--- GIVEN MATERIAL ---
□ □ □ □

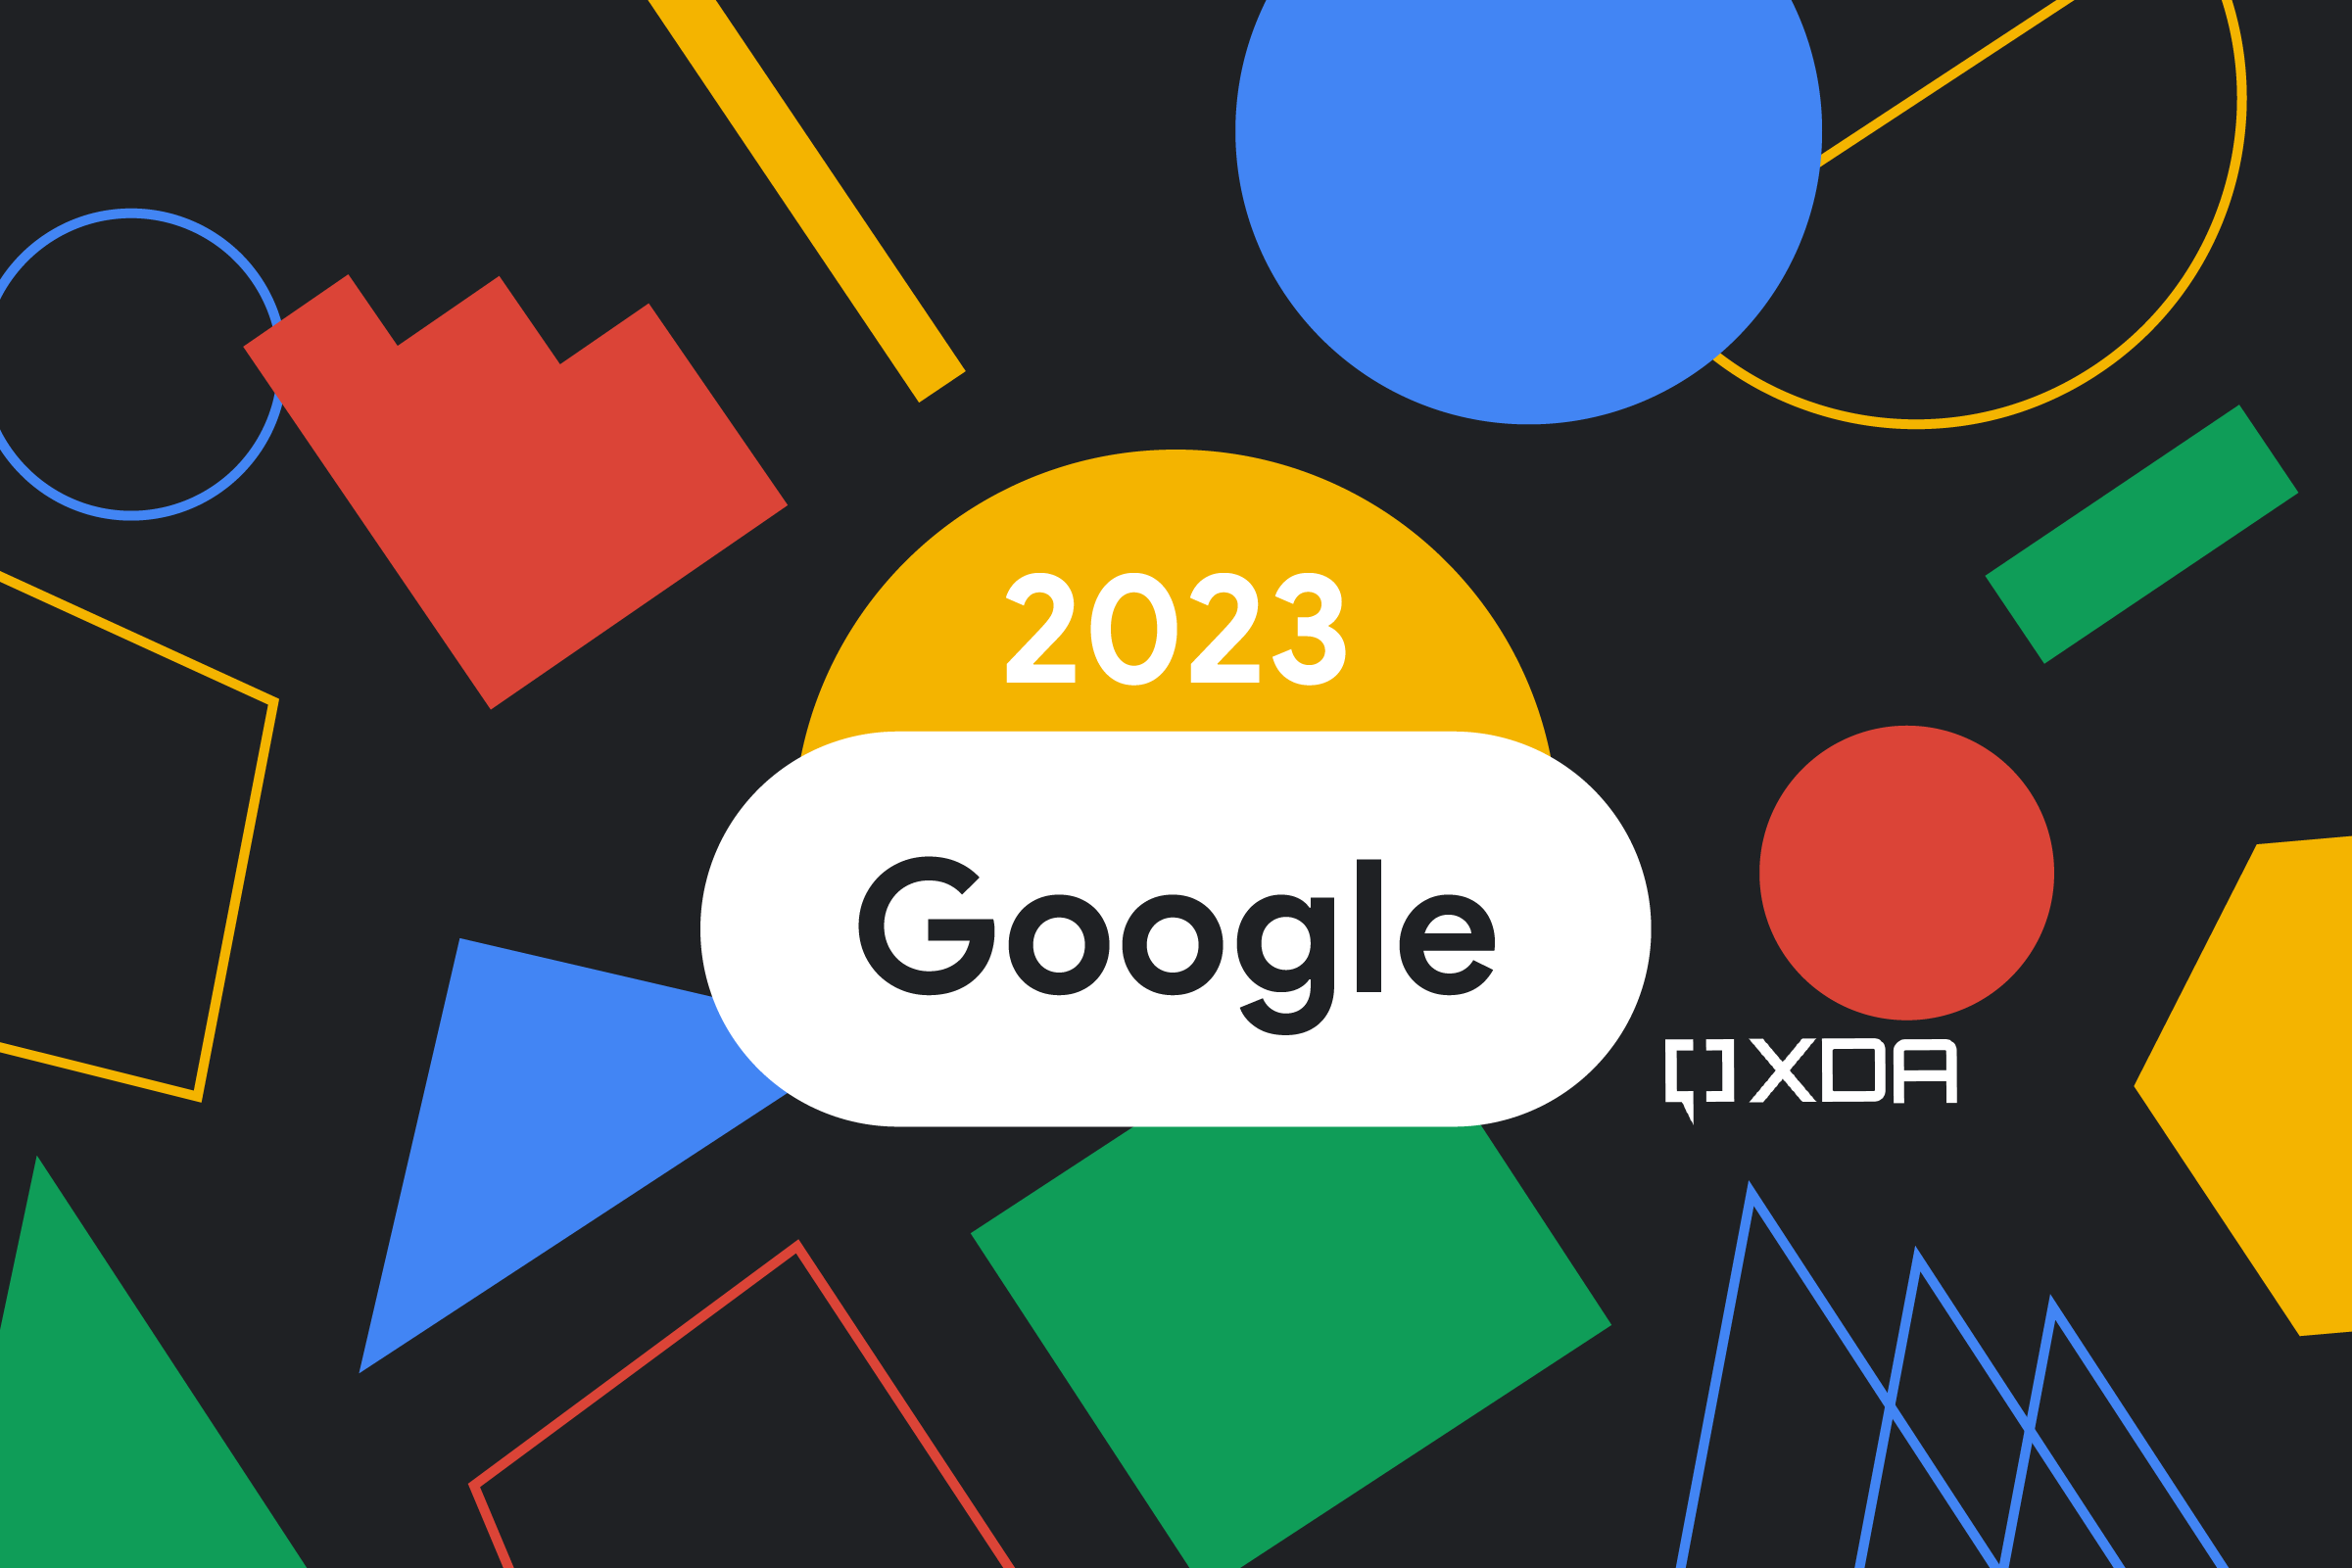 Google in 2023
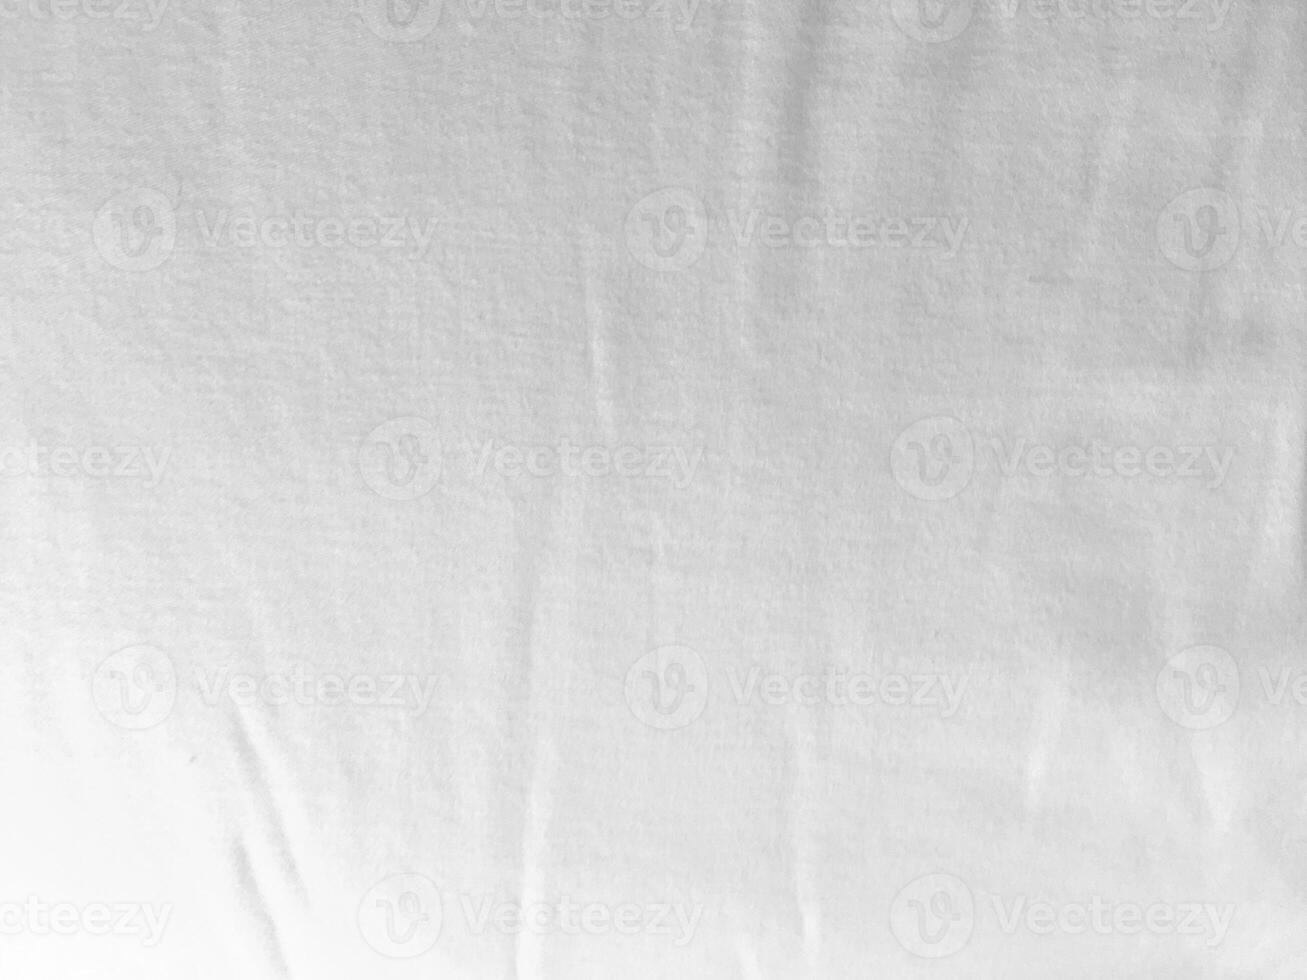 un prístino blanco tela antecedentes exhibiendo el lujoso textura de seda, creando un resumen y suave ambiente Perfecto para un gama alta diseño. foto
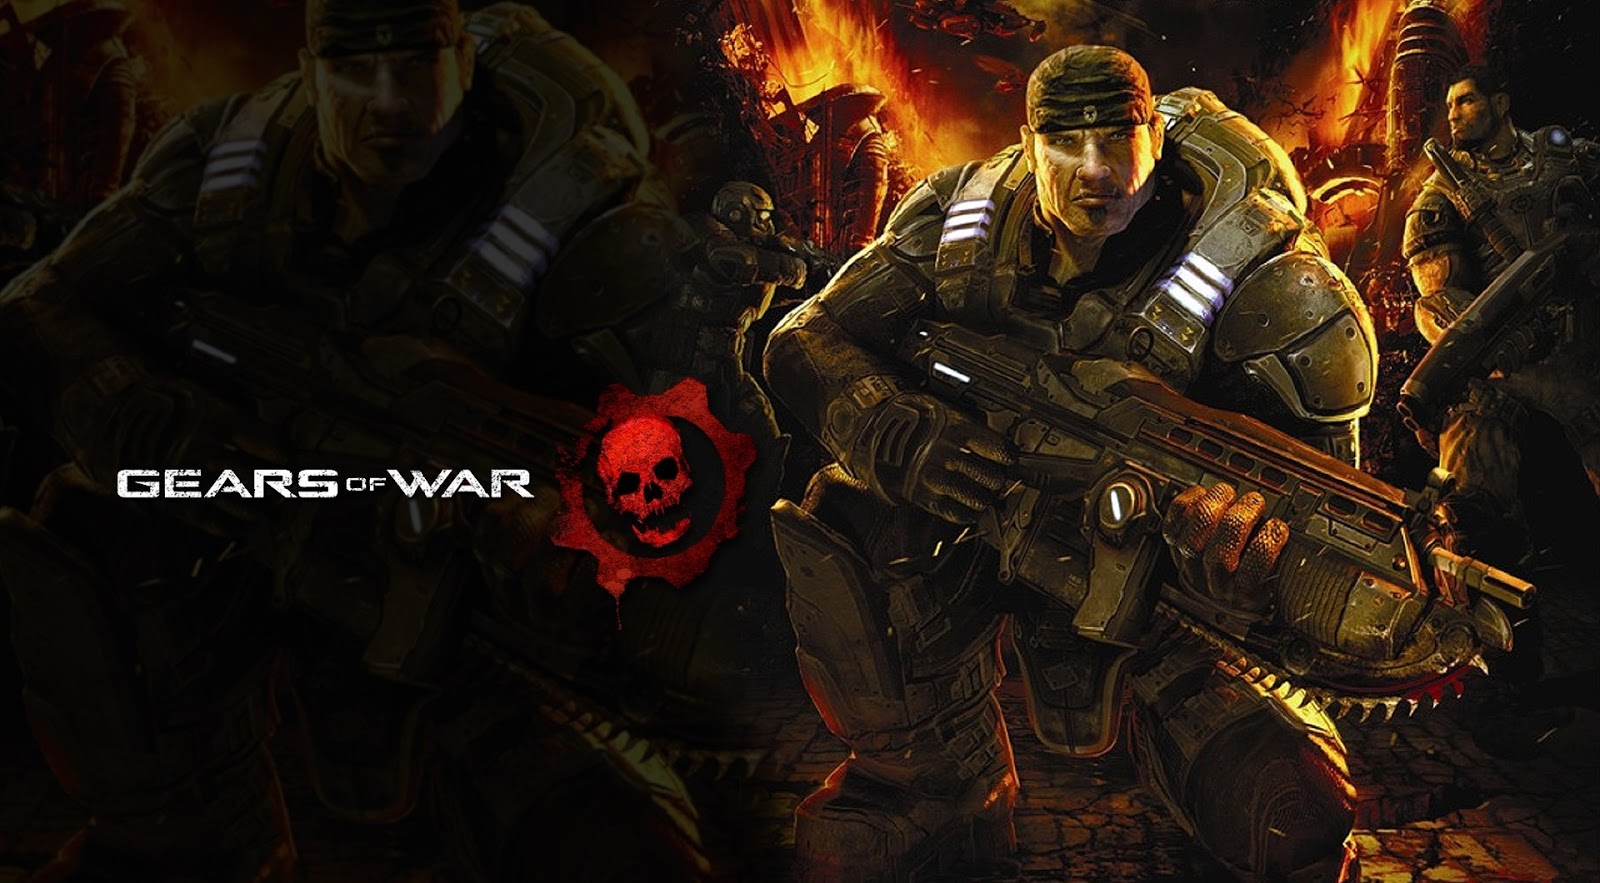 Gears of war 2 pc download repack free

□ □ □ □

Except for the pictures, print the data above exactly.

 Google in 2023
 un prístino blanco tela antecedentes exhibiendo el lujoso textura de seda, creando un resumen y suave ambiente Perfecto para un gama alta diseño. foto
 Gears of war 2 pc download repack free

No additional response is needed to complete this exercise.